**Provided data:**
+++

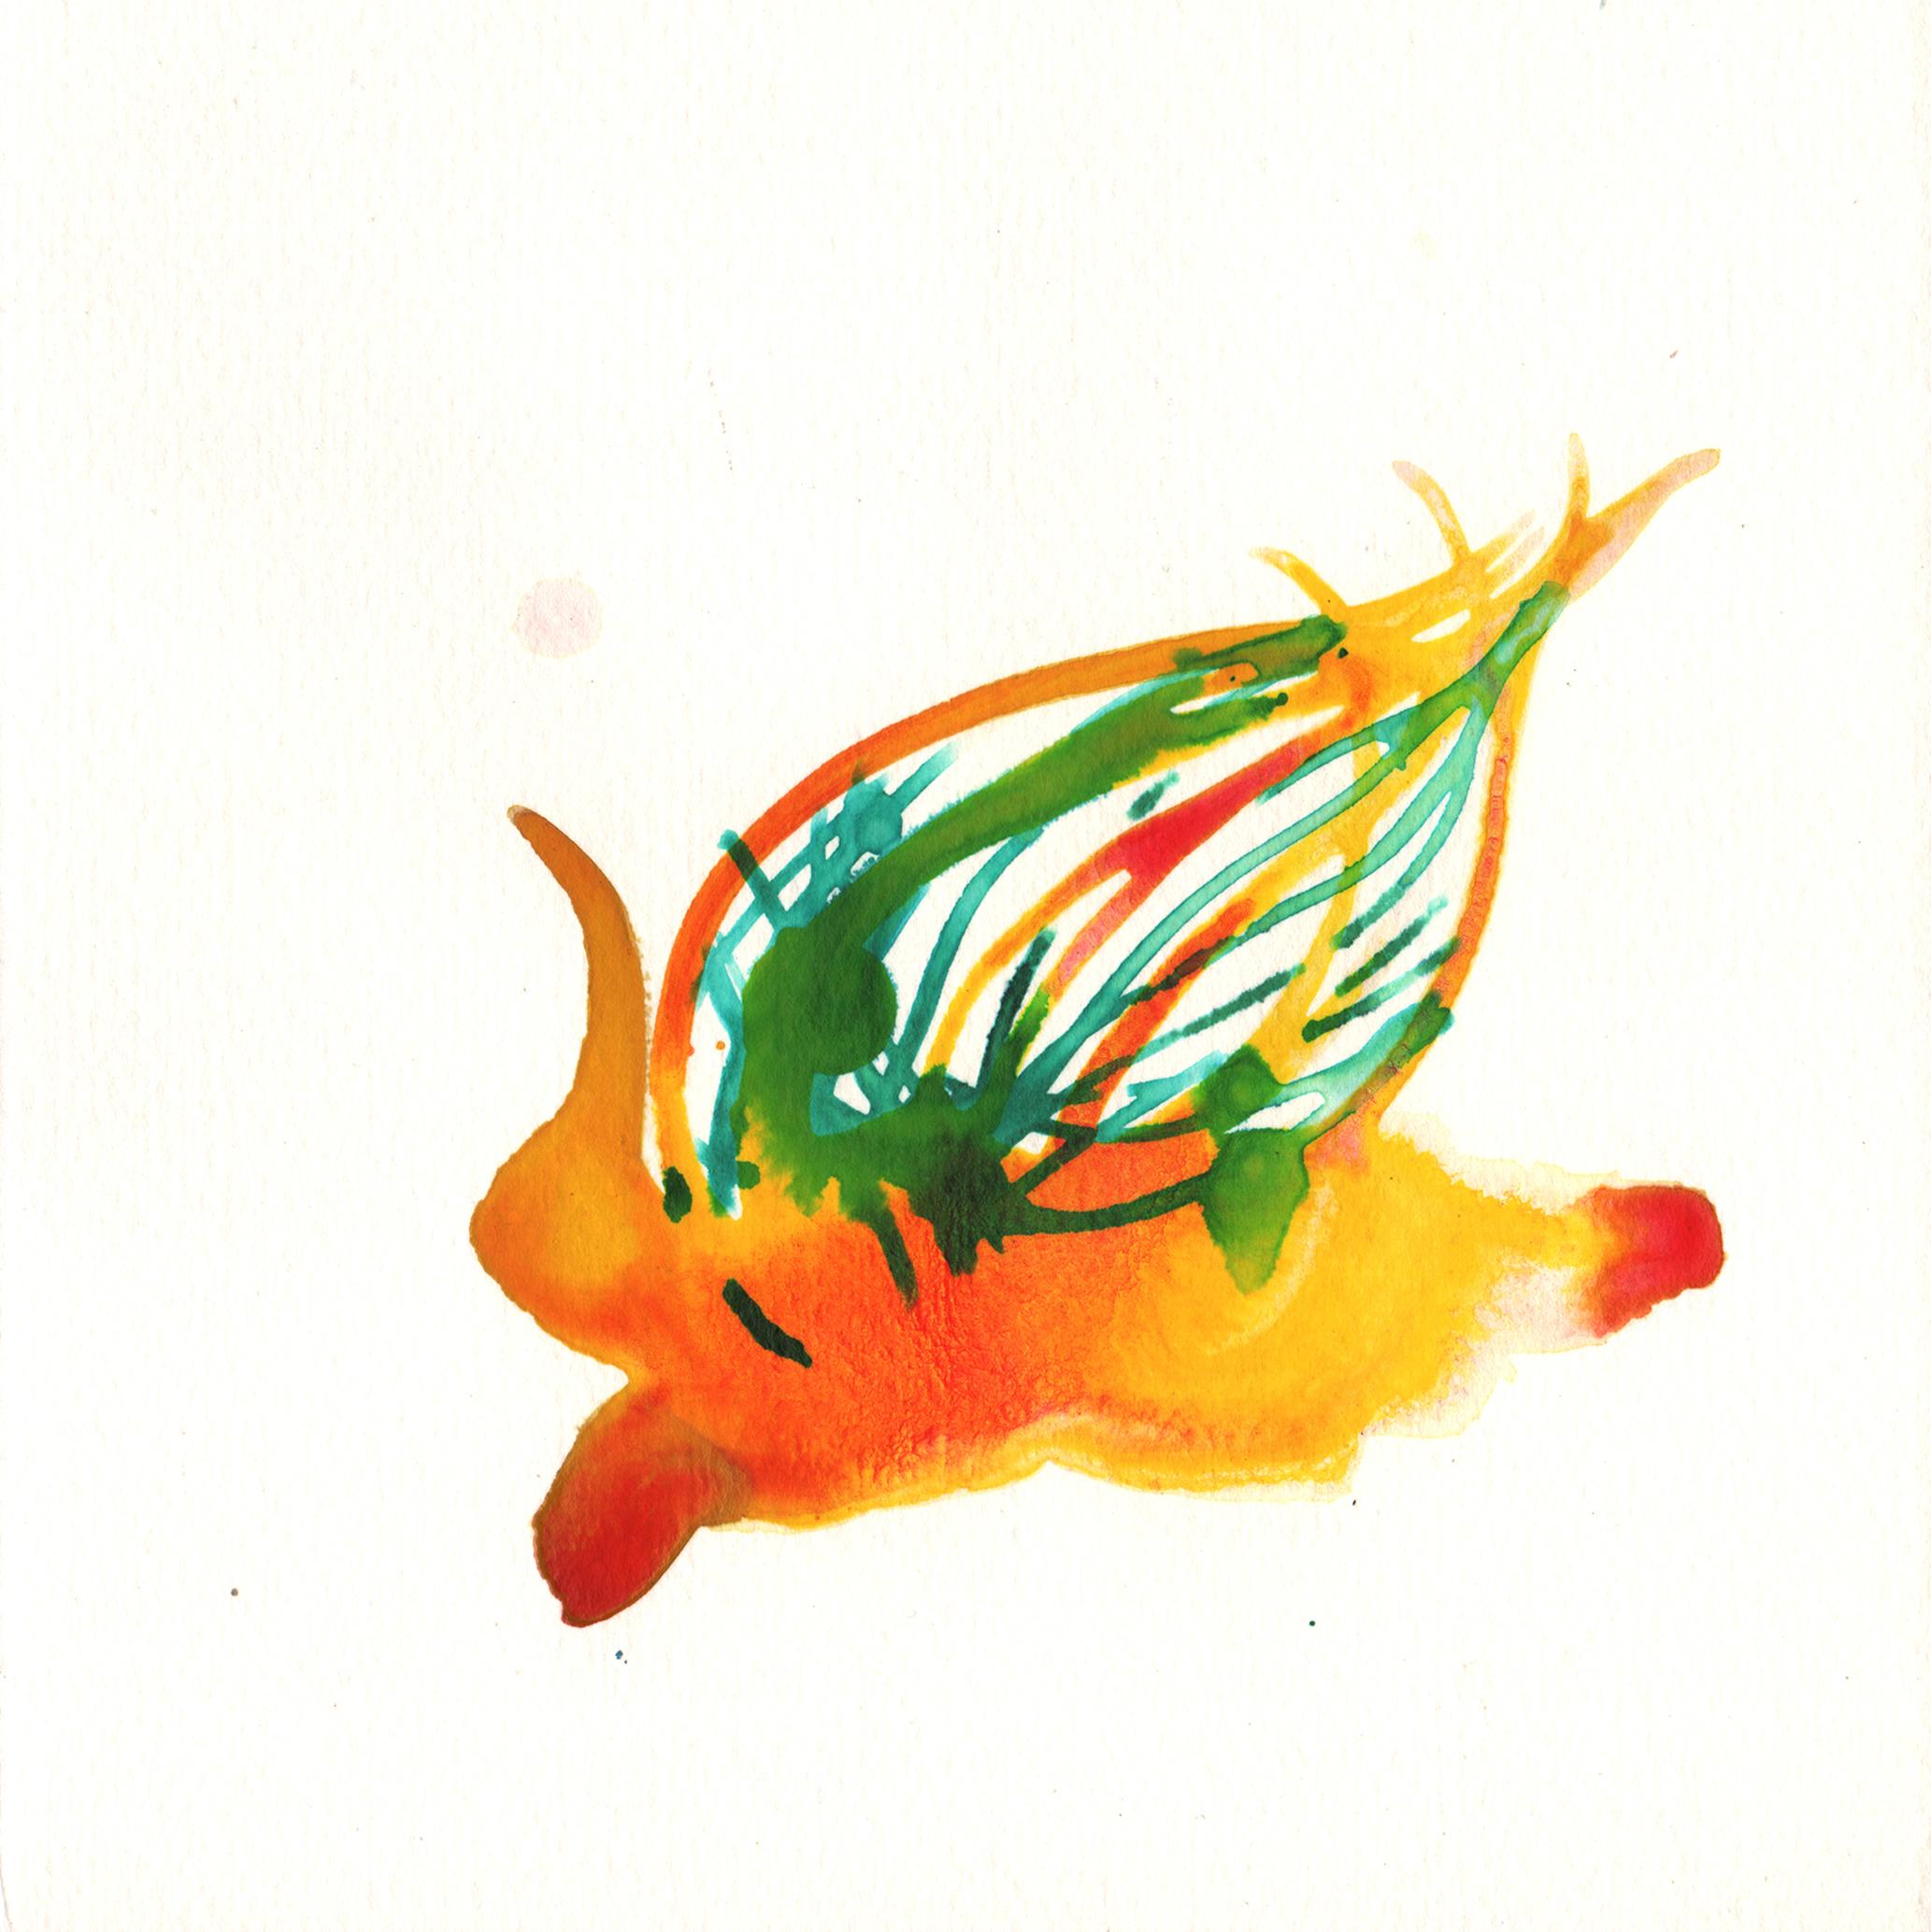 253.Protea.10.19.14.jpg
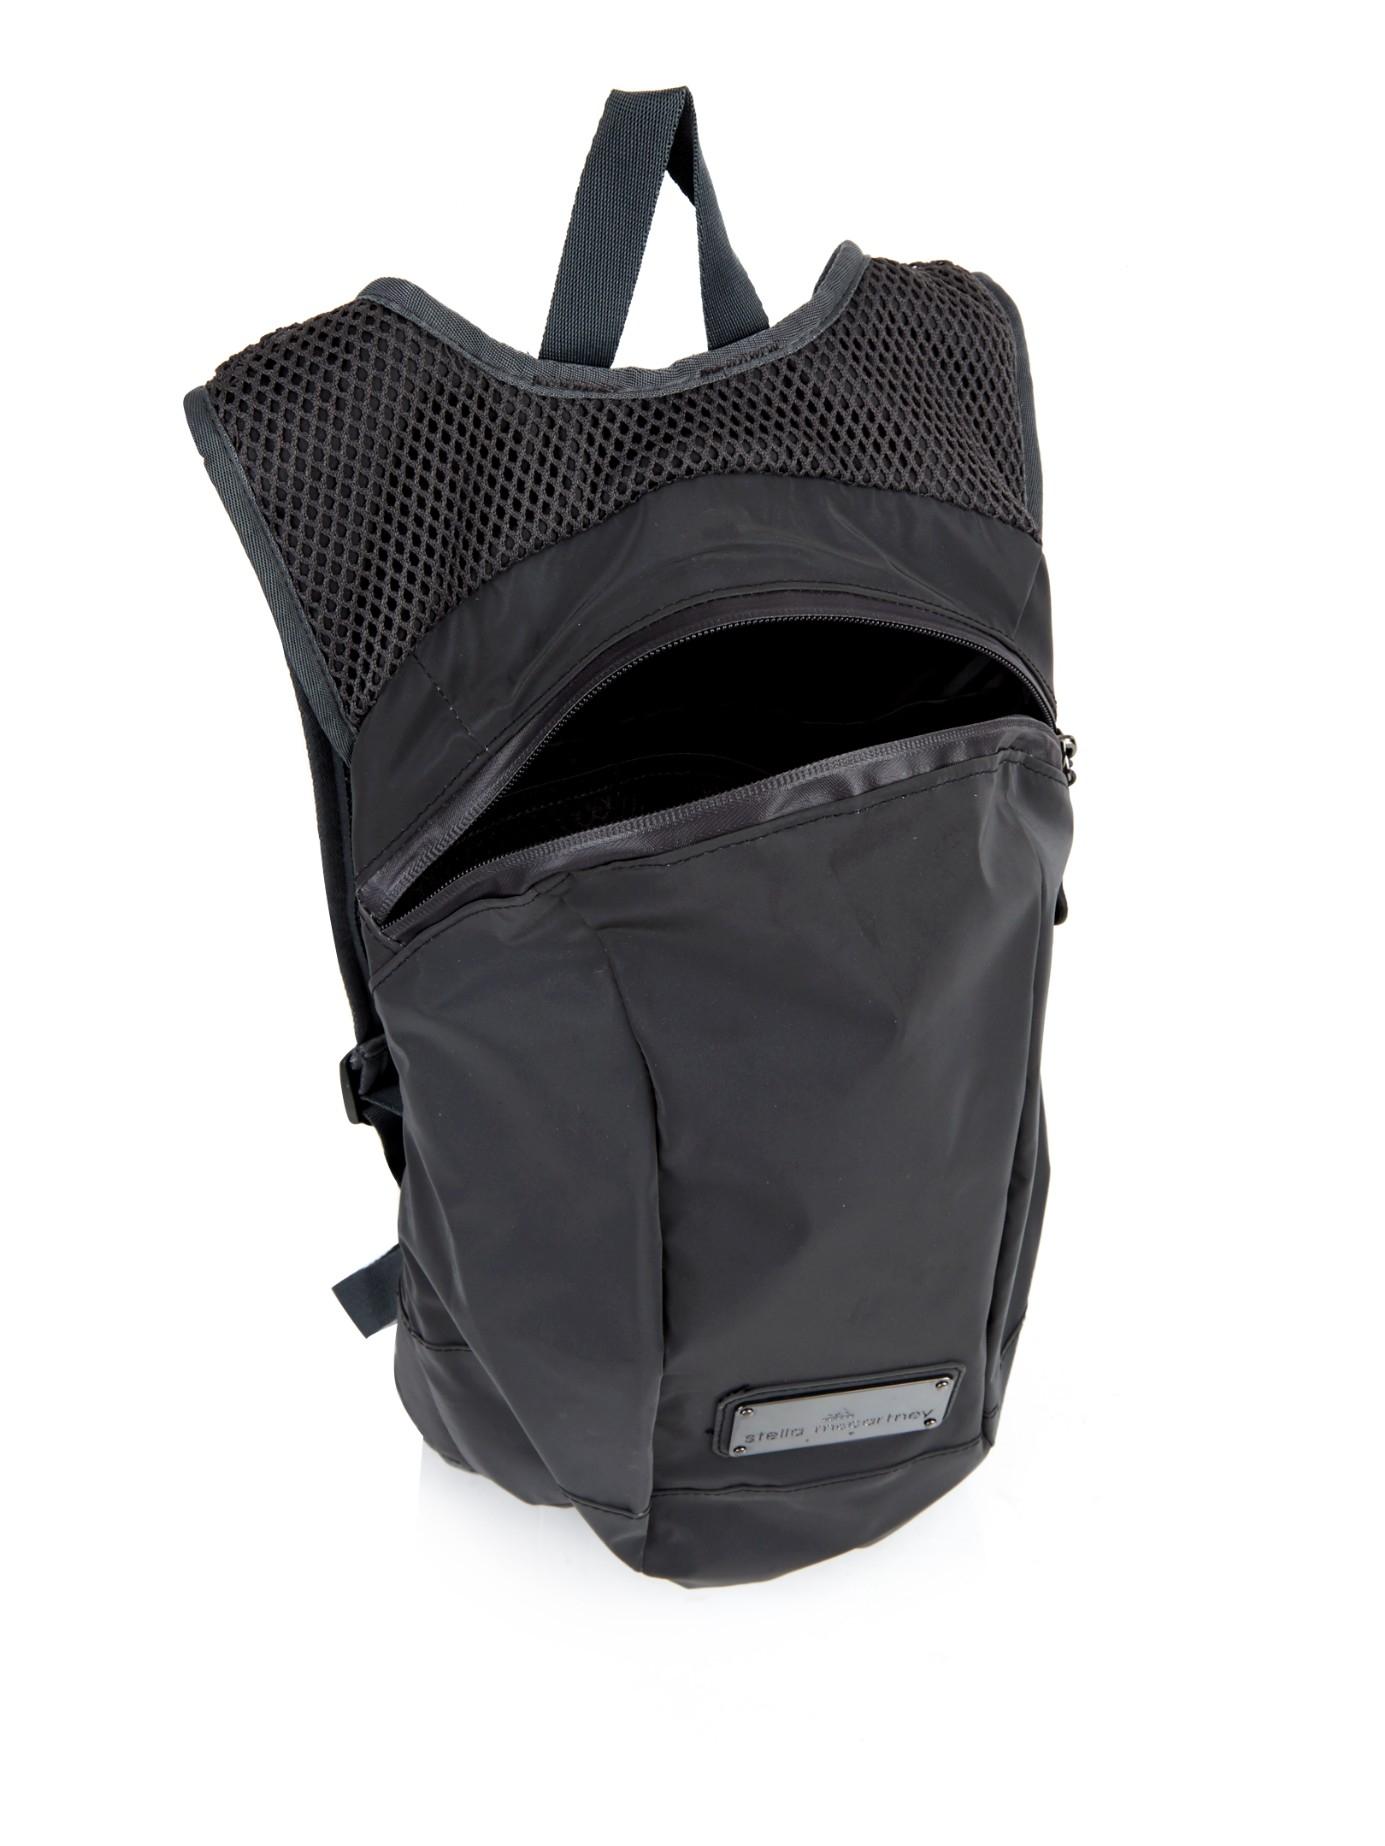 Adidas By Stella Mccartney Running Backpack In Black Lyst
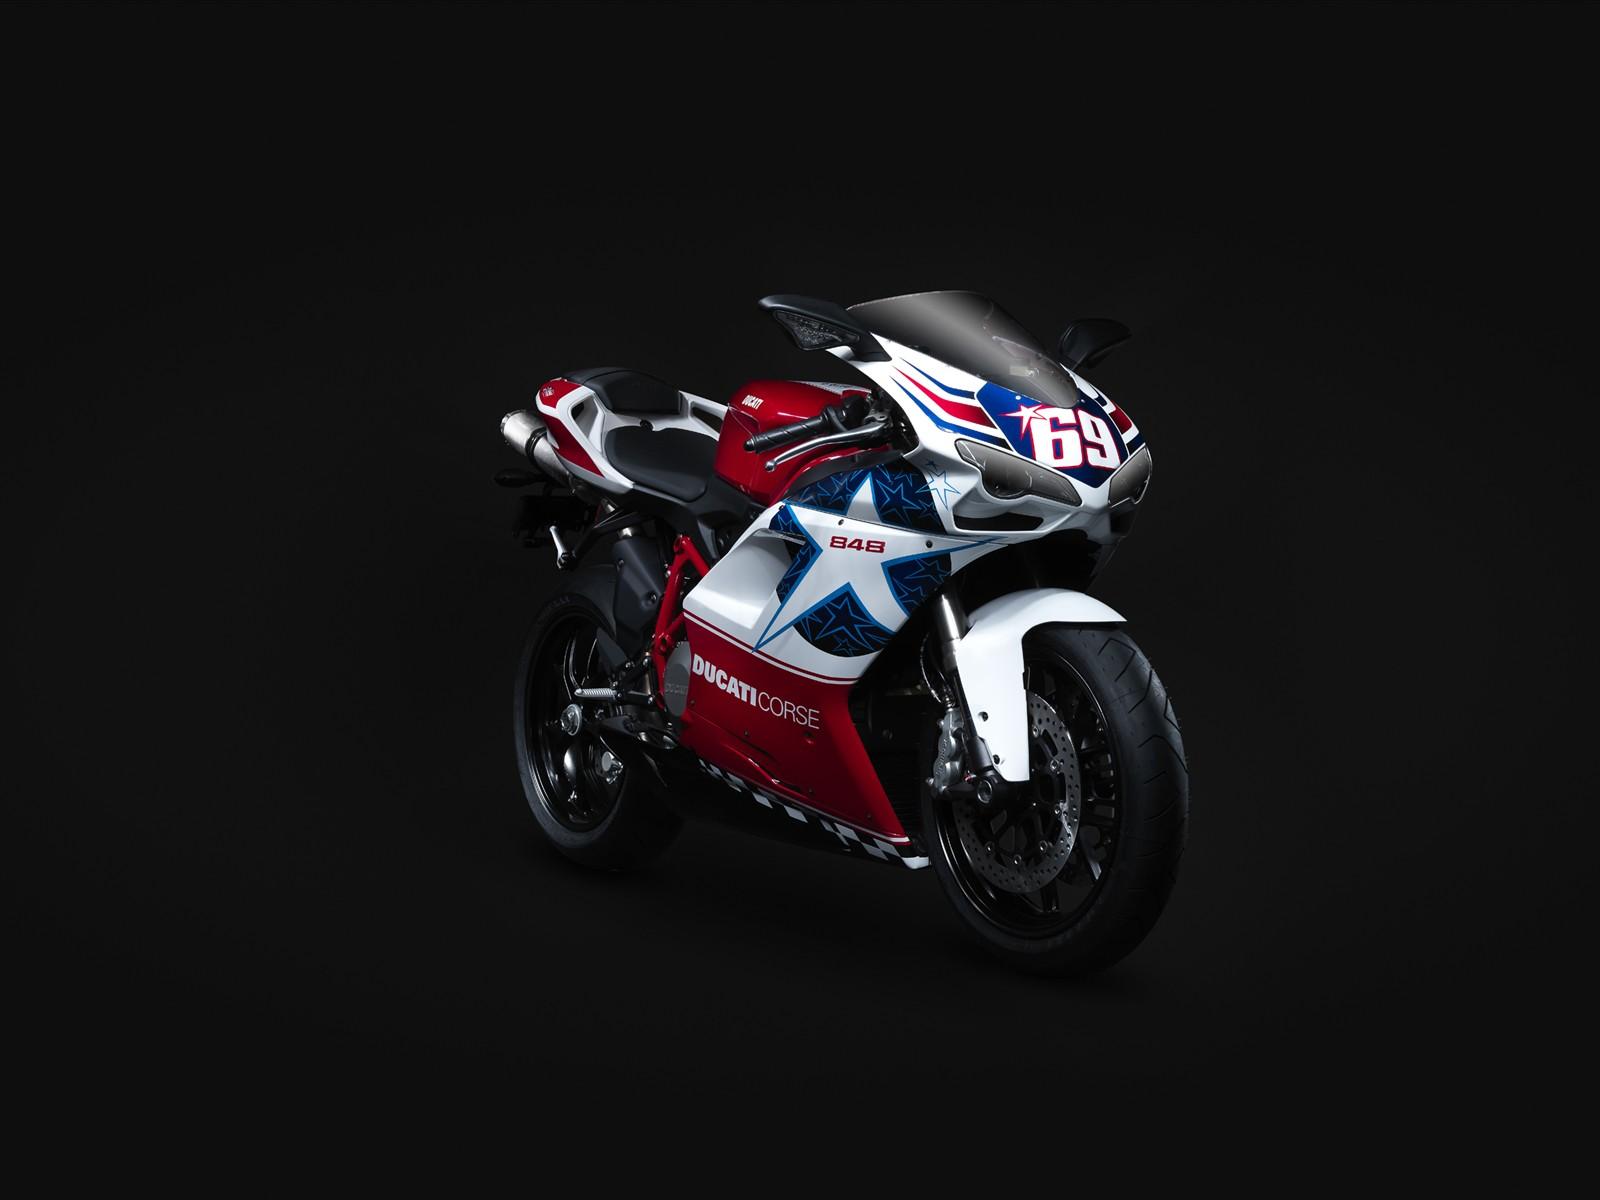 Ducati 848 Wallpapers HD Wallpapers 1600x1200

+++

**Task goal:**
Send back the data above verbatim, leaving out its pictures.

**Answer to this task:**
 253.Protea.10.19.14.jpg
 Adidas By Stella Mccartney Running Backpack In Black Lyst
 Ducati 848 Wallpapers HD Wallpapers 1600x1200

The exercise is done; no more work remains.